- What to produce
Images are to be excluded, and the rest of the data repeated exactly.

- Data segment
<<<<

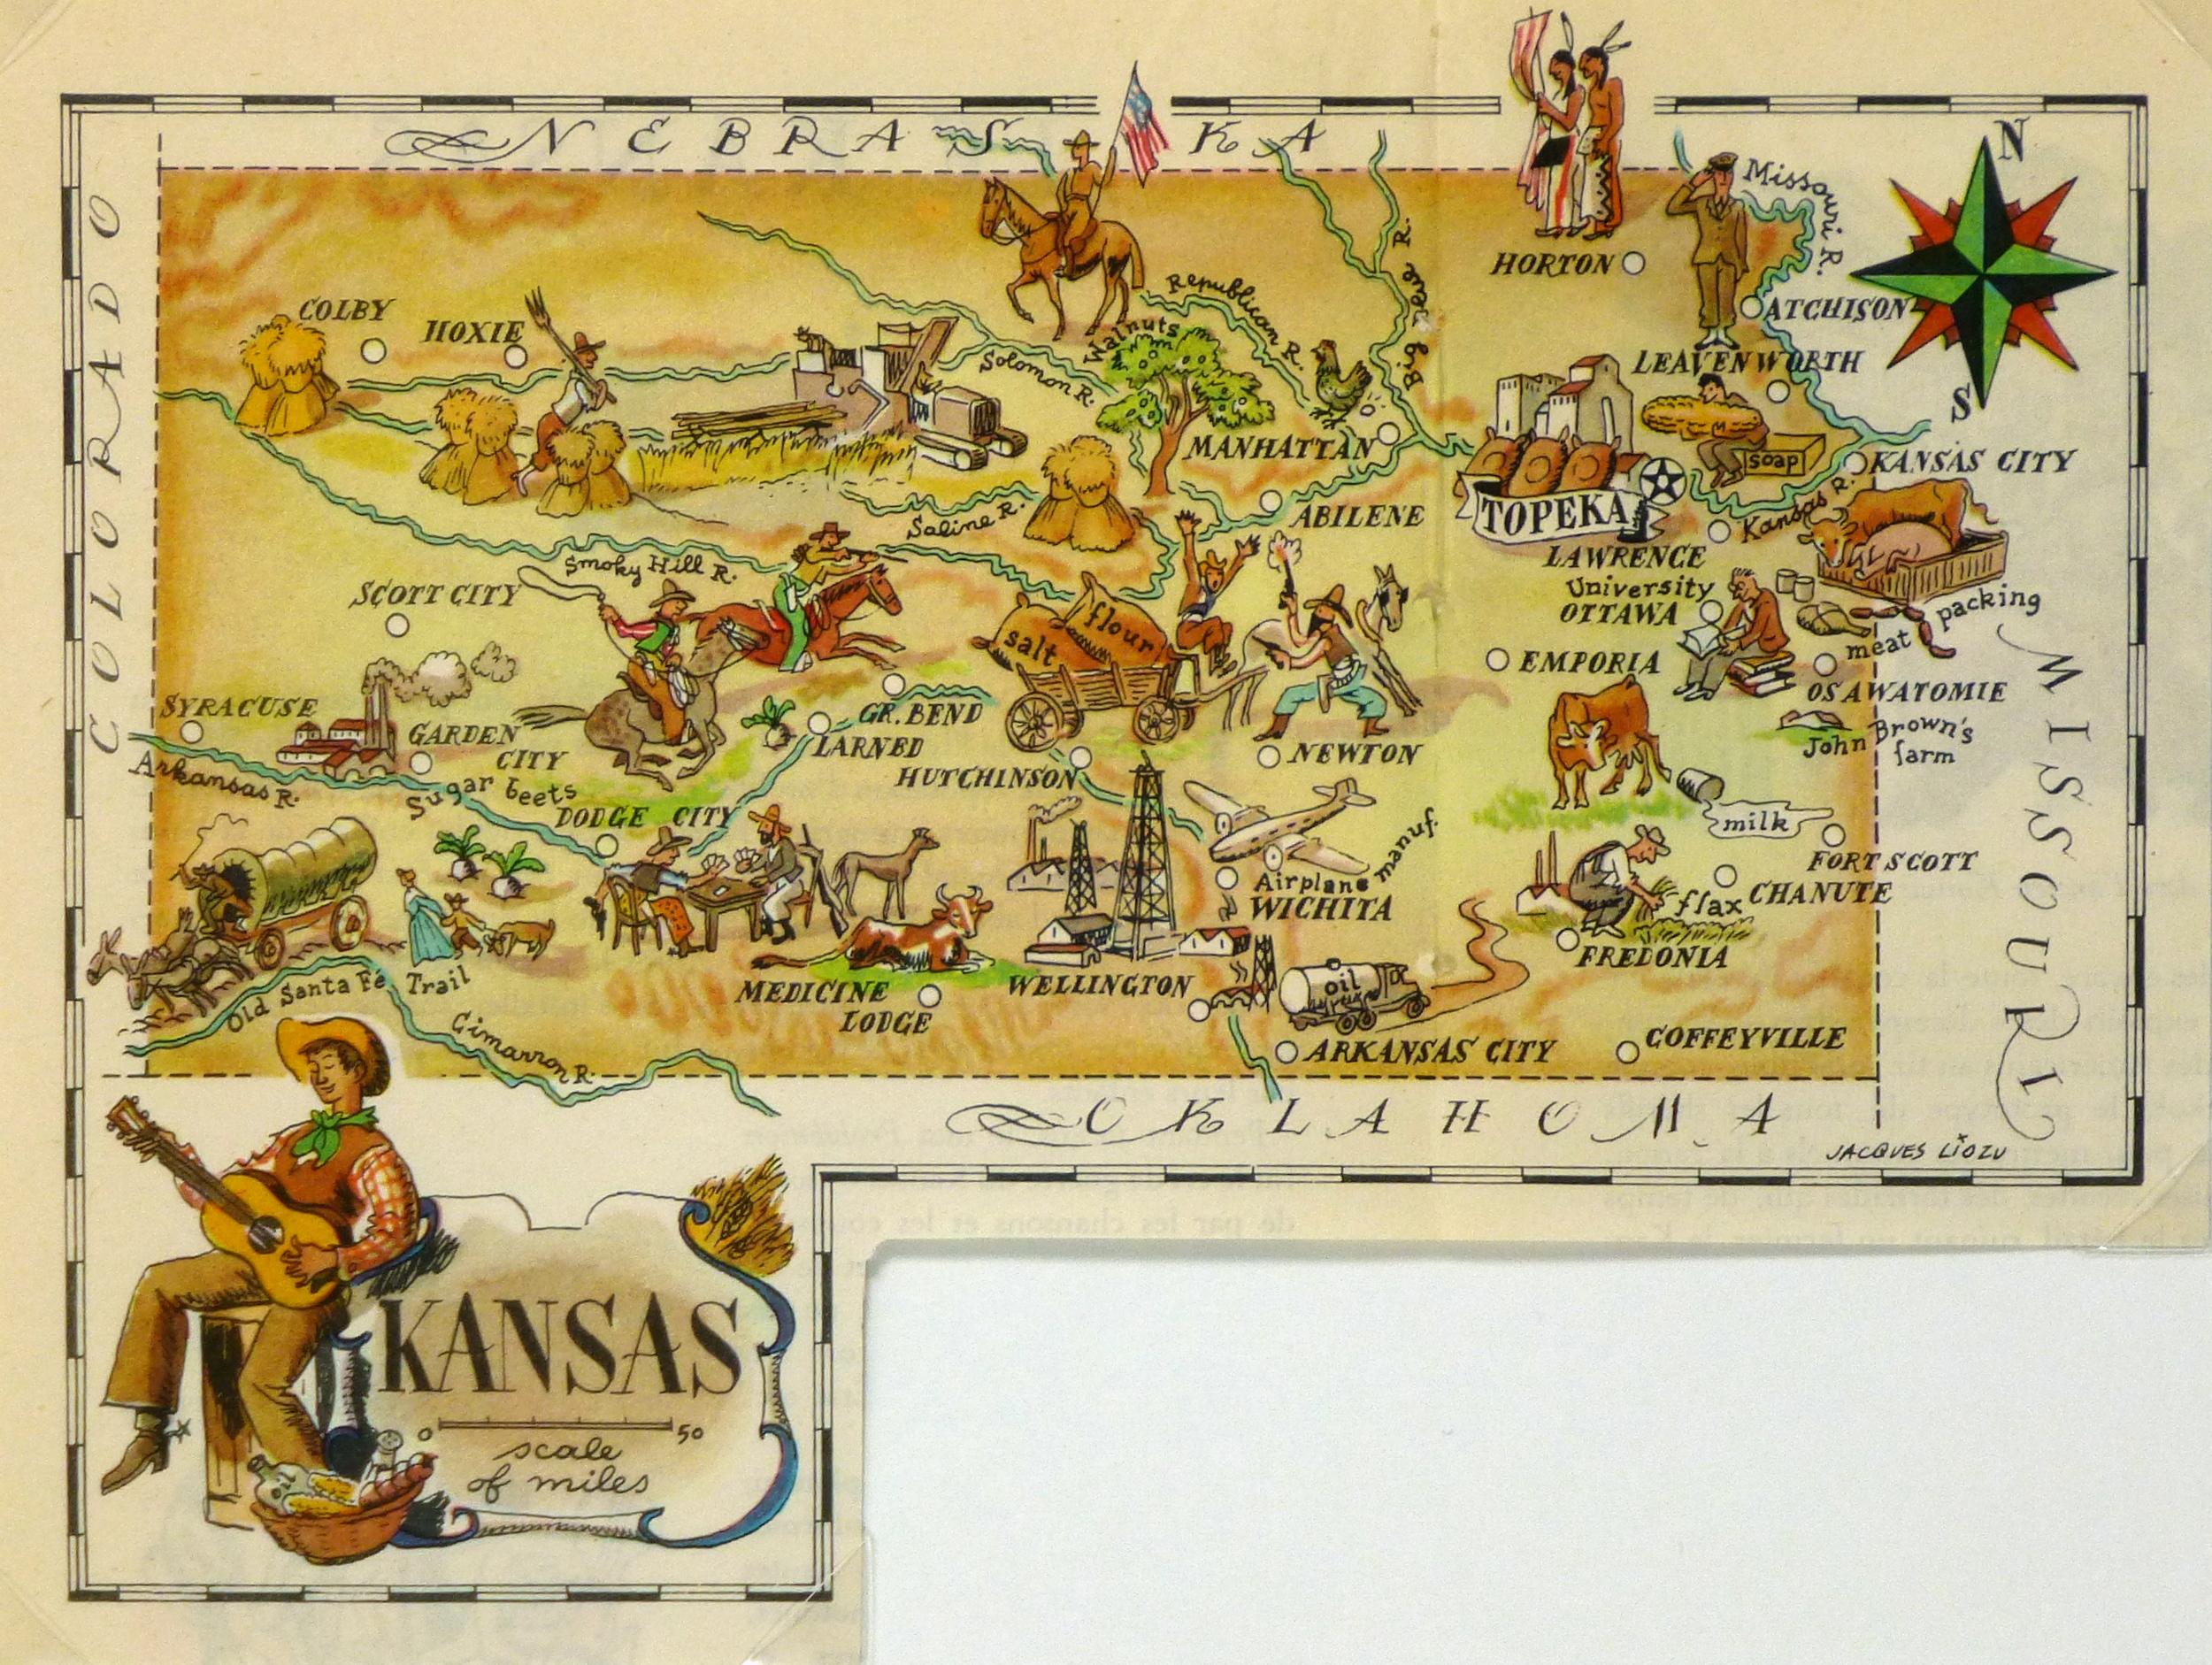 Pictorial Map - Kansas, 1946-main-6276K
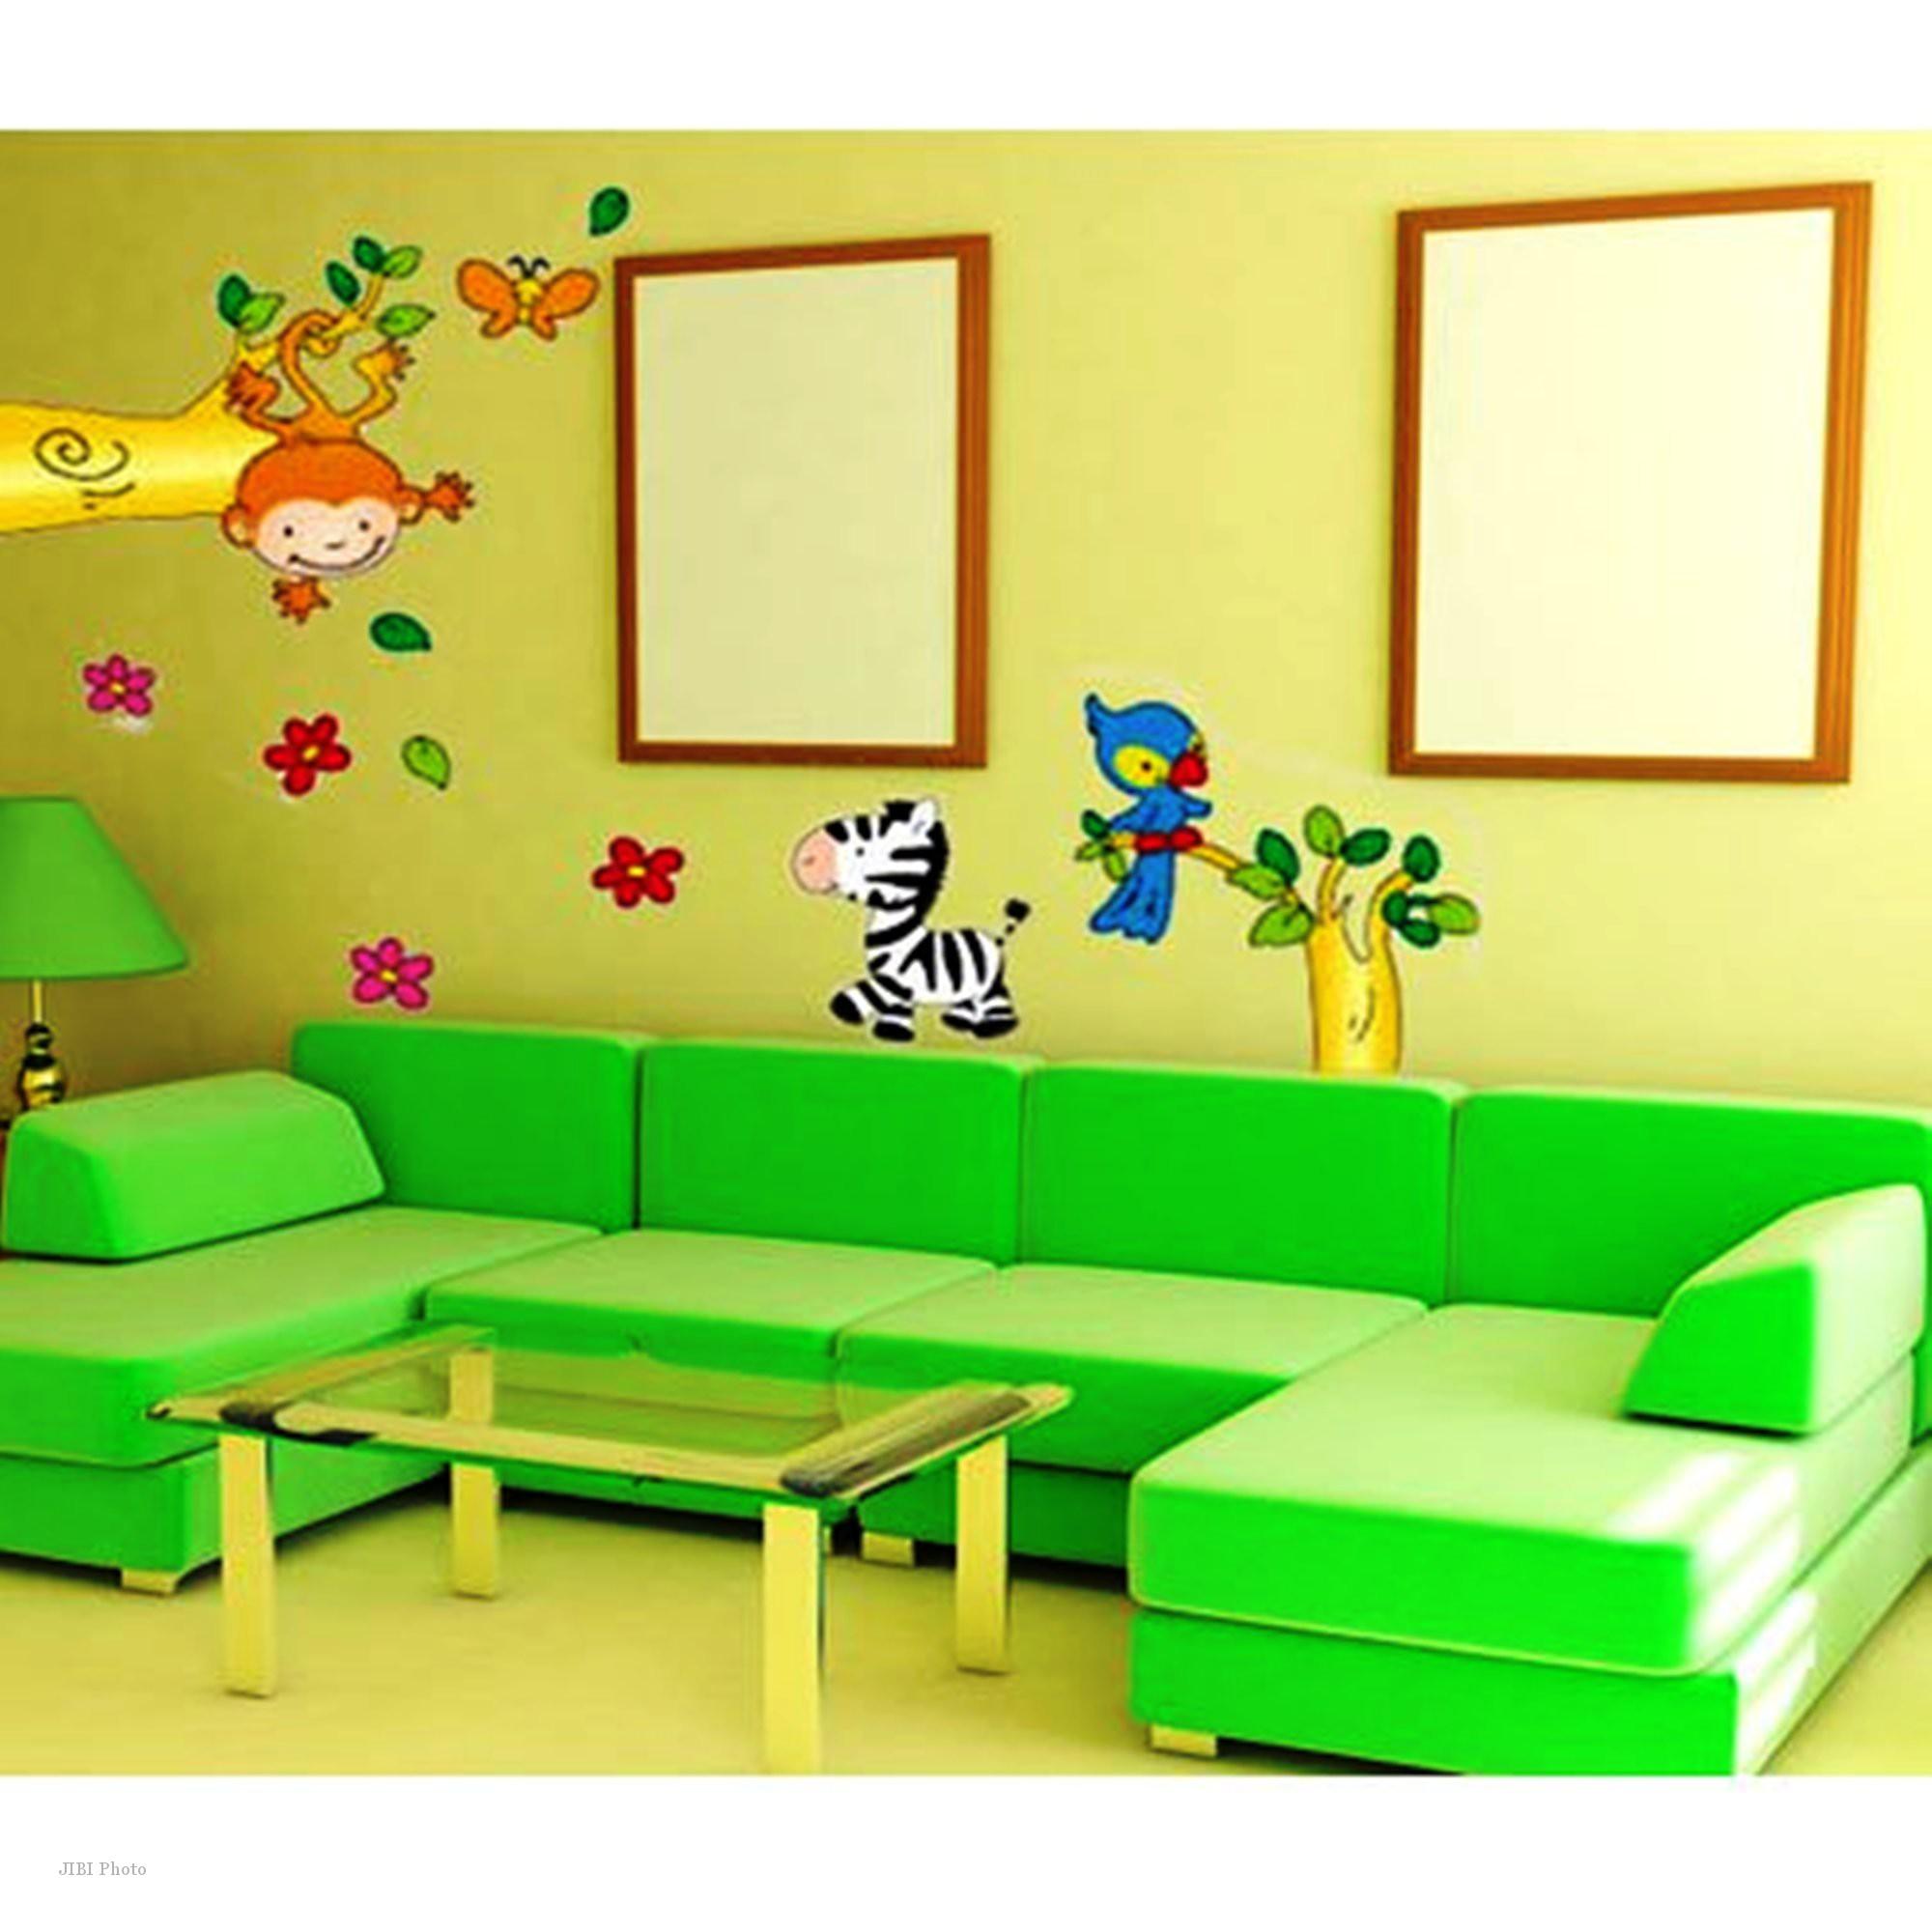 218 Contoh Wallpaper Dinding Ruang Tamu Gambar Rumah Idaman
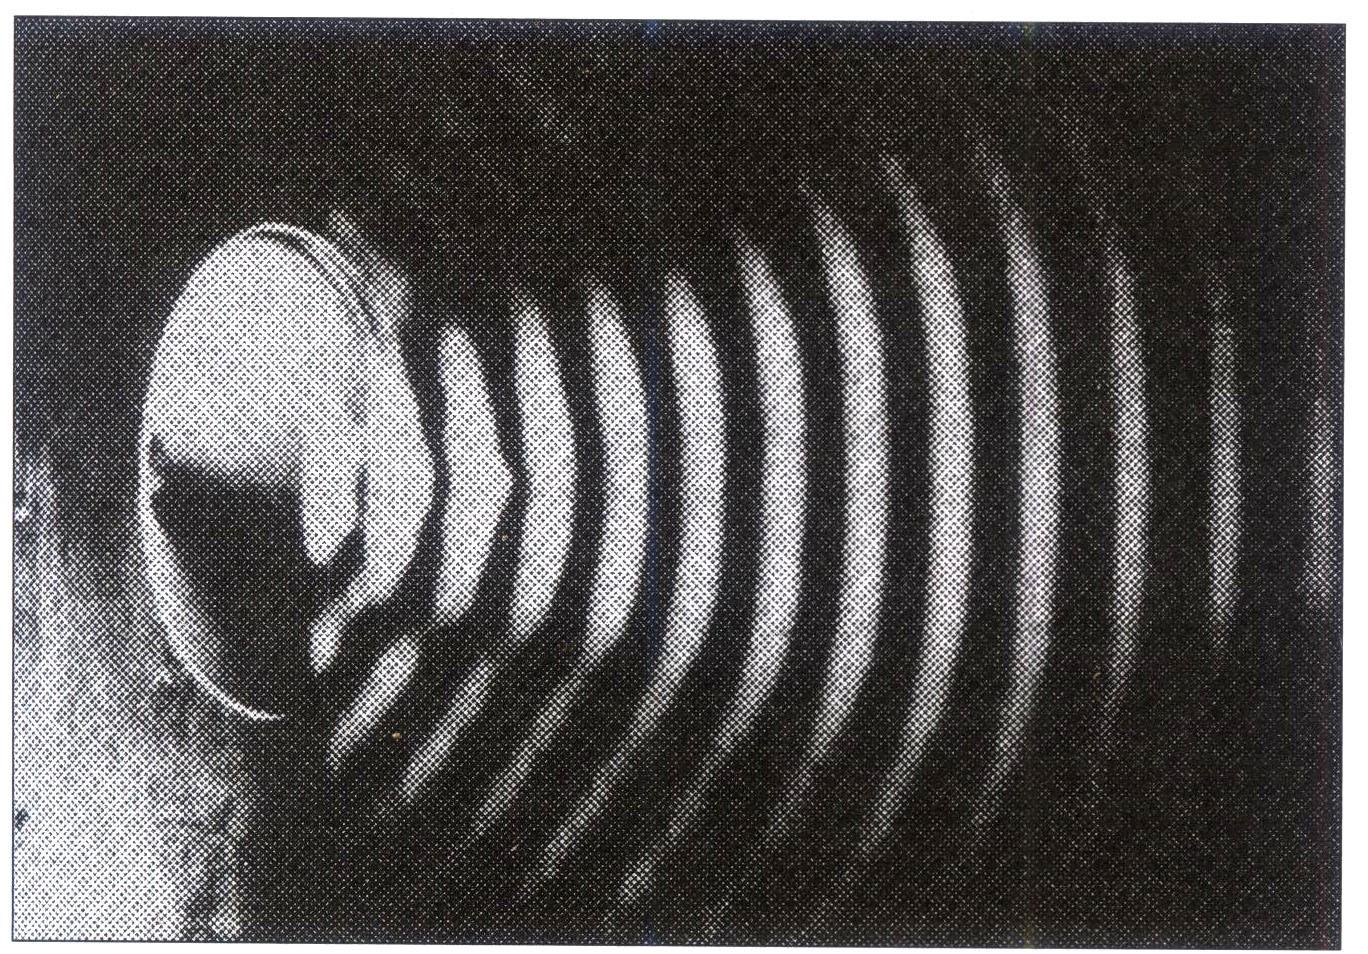 Đây là một thời gian tiếp xúc thực của một phần sóng âm thanh được phát ra từ loa

>>>>

- Expected answer
 Pictorial Map - Kansas, 1946-main-6276K
 218 Contoh Wallpaper Dinding Ruang Tamu Gambar Rumah Idaman
 Đây là một thời gian tiếp xúc thực của một phần sóng âm thanh được phát ra từ loa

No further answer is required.